Opioid (Partialagonist) | Handelsnamen: Subutex, Temgesic, Norspan sowie div. Generika

Allgemeine Informationen

1981 wurde Buprenorphin erstmals in den USA zur Behandlung von mittelstarken bis starken Schmerzen zugelassen. Die Markteinführung in Europa erfolgte kurze Zeit später. Seit Mitte der 1990er Jahre wird das Medikament primär zur Substitutionbehandlung von Opiat/Opioid-Abhängigen eingesetzt. Buprenorphin ist ebenfalls ein Opioid, wirkt jedoch als Partialagonist (Abhängige konsumieren primär reine Agonisten). Folglich sind auch die Nebenwirkungen, das Abhängigkeitspotenzial und die Toleranzentwicklung in der Regel weniger stark ausgeprägt und besser kallullierbar.

Bereits mehrere Studien (welche in den USA durchgeführt wurden) haben ergeben, dass Buprenorphin einen starken antidepressiven Effekt haben kann. Dies auch bei Personen, die zuvor weder auf herkömmliche Medikamente noch auf eine Elektrokonvulsionstherapie (EKT) ansprachen. Dabei wurden erste Verbesserungen der Symptomatik bereits bei einer sehr niedrigen Dosierung (ab 0.4mg) des Arzneimittels beobachtet. Aktuell wird in den USA ein Medikament für therapieresistente Depressionen entwickelt, welches auf Buprenorphin und Samidorphan (einem μ-Rezeptor-Antagonisten) basiert. Mittels Samidorphan soll das Abhängigkeitspotenzial reduziert werden. In wie weit dies gelingt wird sich erst noch erweisen.

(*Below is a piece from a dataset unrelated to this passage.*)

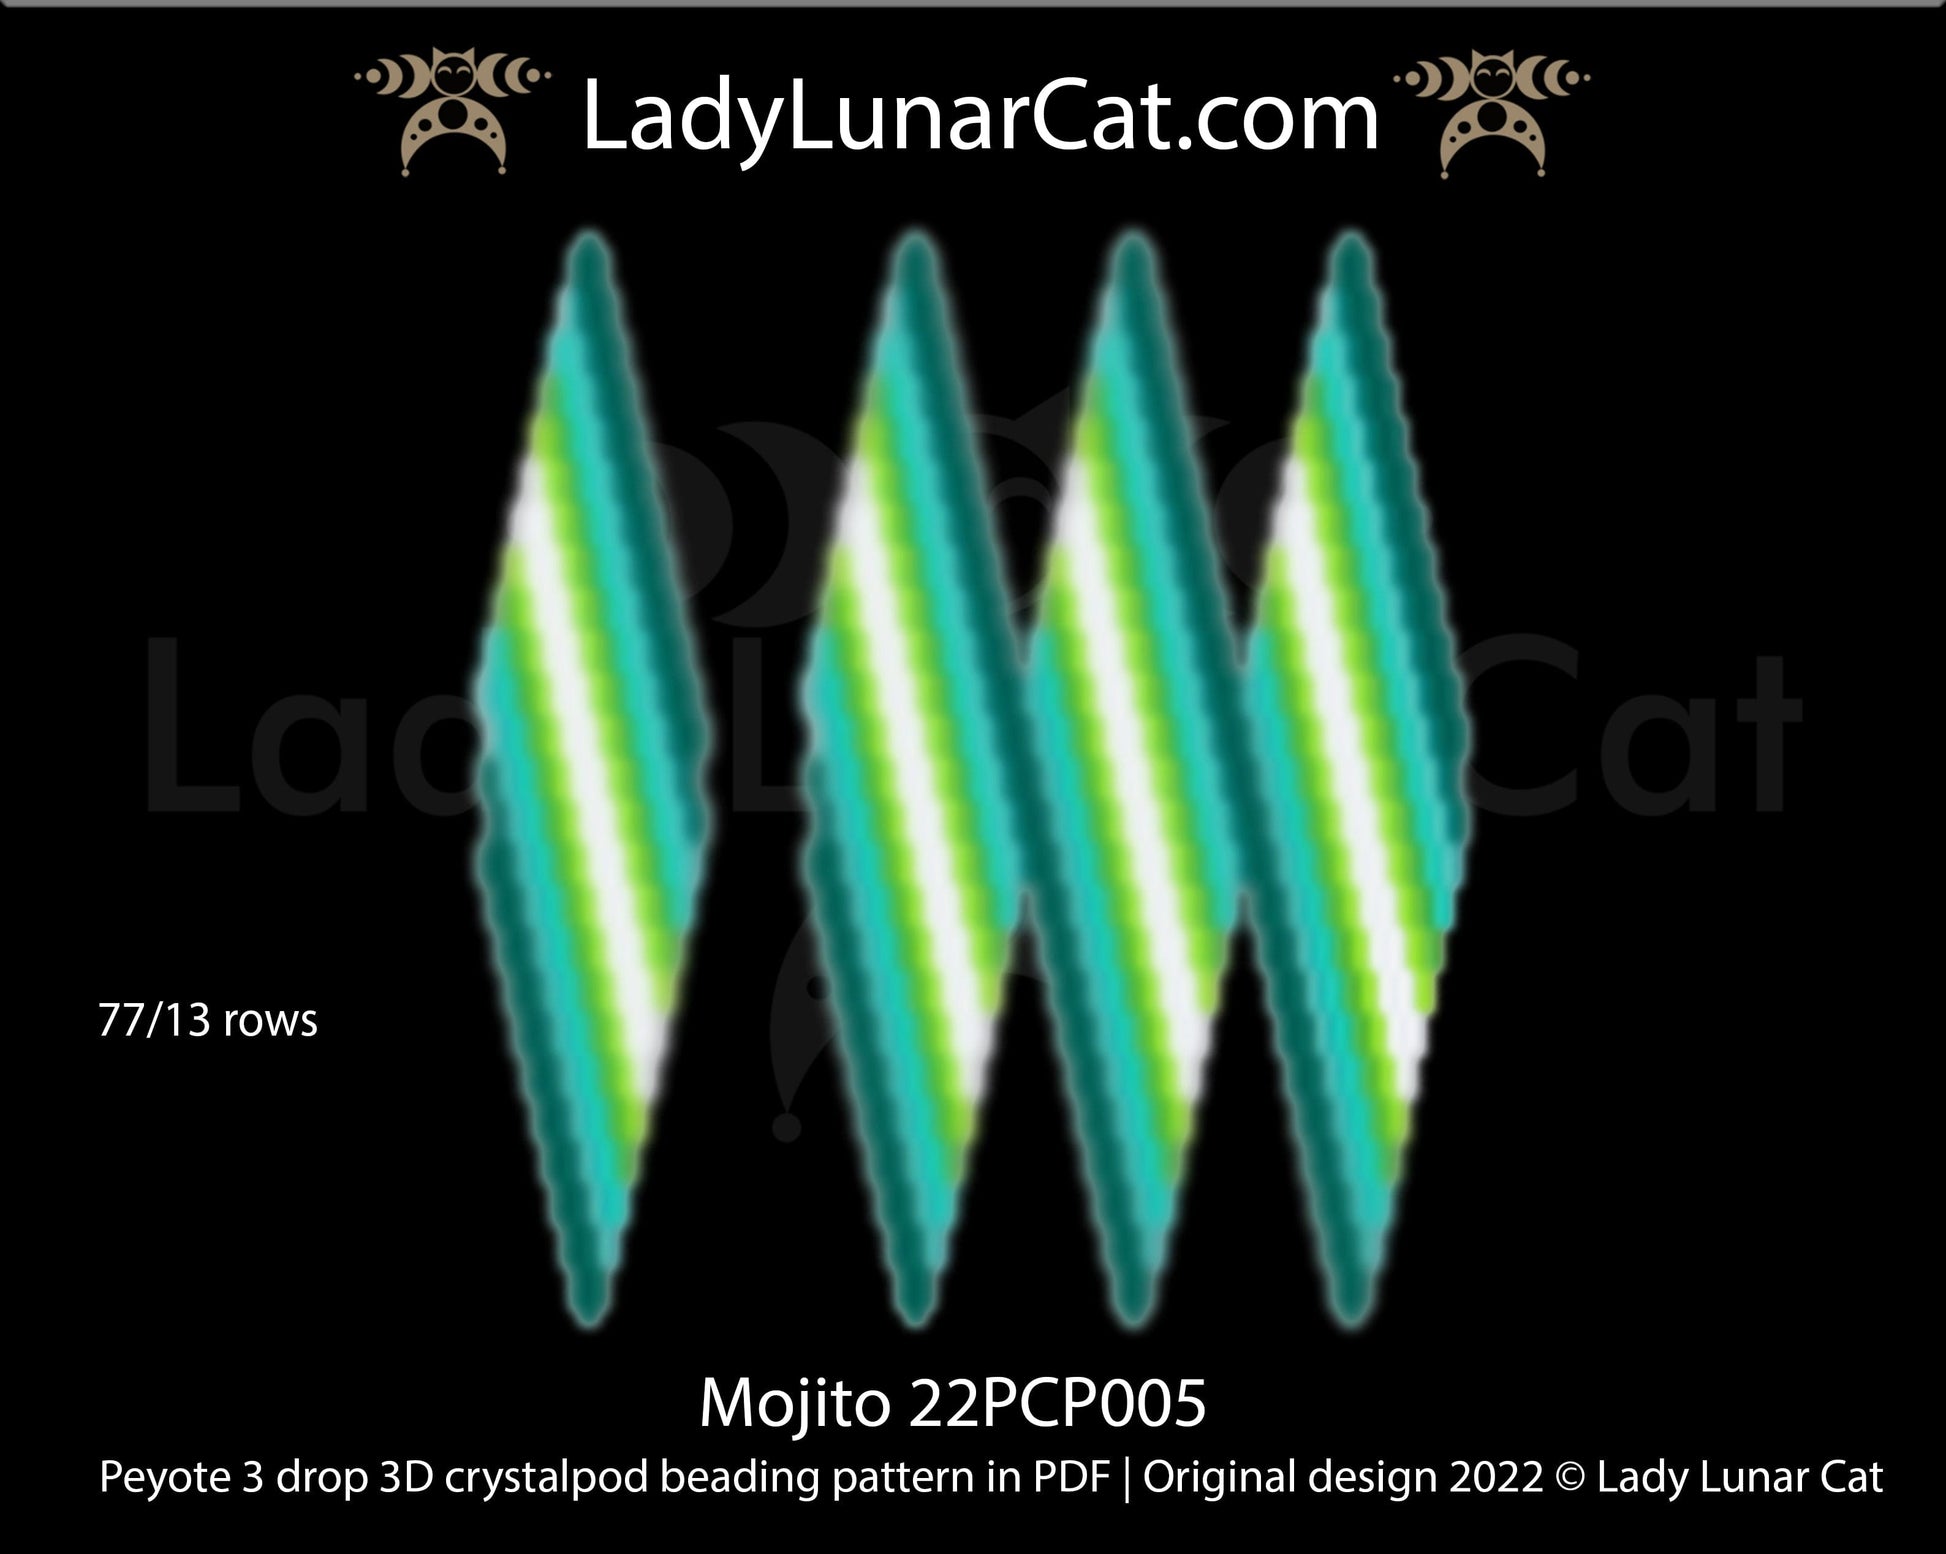 Peyote 3drop pod pattern or crystalpod pattern for beading  Mojito 22PCP005 LadyLunarCat

Wechselwirkungen mit Alkohol sind bekannt. Je nach Dosierung kann es sogar zu einer potenziell tödlichen Atemdepression kommen. Auch auf das führen eines Fahrzeuges oder das Bedienen von komplexen Maschinen muss während einer Buprenorphin-Therapie verzichtet werden. Das Medikament ist ab 18 Jahren erhältlich.

In Europa ist Buprenorphin nicht zur Behandlung von Depressionen zugelassen (off-label use) und wird nur in Ausnahmefällen abgegeben, wenn sämtliche andere Therapiemethoden versagt haben. Die Substanz ist in der EU sowie in der Schweiz offiziell als Betäubungsmittel klassifiziert. Der Besitz ohne ärztliches Rezept ist somit strafbar. Ebenfalls strafbar ist der Verkauf oder die kostenlose Weitergabe ohne entsprechende Lizenz.

Indikation
  • Substitutionsbehandlung Opiat/Opioid-Abhängiger
  • Mittelstarke bis starke Schmerzen
  • Depressionen (off-label use)

 

Die Indikation richtet sich nach den Fachinformationen für Ärzte des Schweizer Arzneimittelkompendiums. Fachinformationen des Deutschen bzw. Österreichischen Kompendiums sind für uns und auch die Öffentlichkeit nicht zugänglich. Gemäss unserer Recherchen decken sich die Angaben der deutschsprachigen Arzneimittelkompendien weitgehend.

Dosierung & Anwendung

Einnahme: 1-2x täglich

Dosierung: 0,4 – 2mg pro Tag (gemäss Studien)

Die Dosierung muss von einem Arzt individuell festgelegt werden. Die Dosis kann somit von der Standartdosierung abweichen. Je nachdem ist eine höhere oder tiefere Dosis erforderlich.

Buprenorphin wird langsam „eingeschlichen“. Das heisst, dass im Normalfall mit der niedrigsten Dosis angefangen und diese (nach einigen Tagen/Wochen) schrittweise bis zur Zieldosis erhöht wird.

Gleich verhält es sich beim Absetzen des Medikamentes. Die Dosis wird über Tage bis Wochen hinweg langsam reduziert (auch bekannt als das „Ausschleichen“). Dennoch kann es zu starken Entzugssymptomen kommen.

Ändern Sie nie die Dosis im Alleingang (weder erhöhen noch reduzieren), auch wenn sich Ihr Gesundheitszustand verändert hat. Halten Sie immer zunächst Rücksprache mit Ihrem Arzt!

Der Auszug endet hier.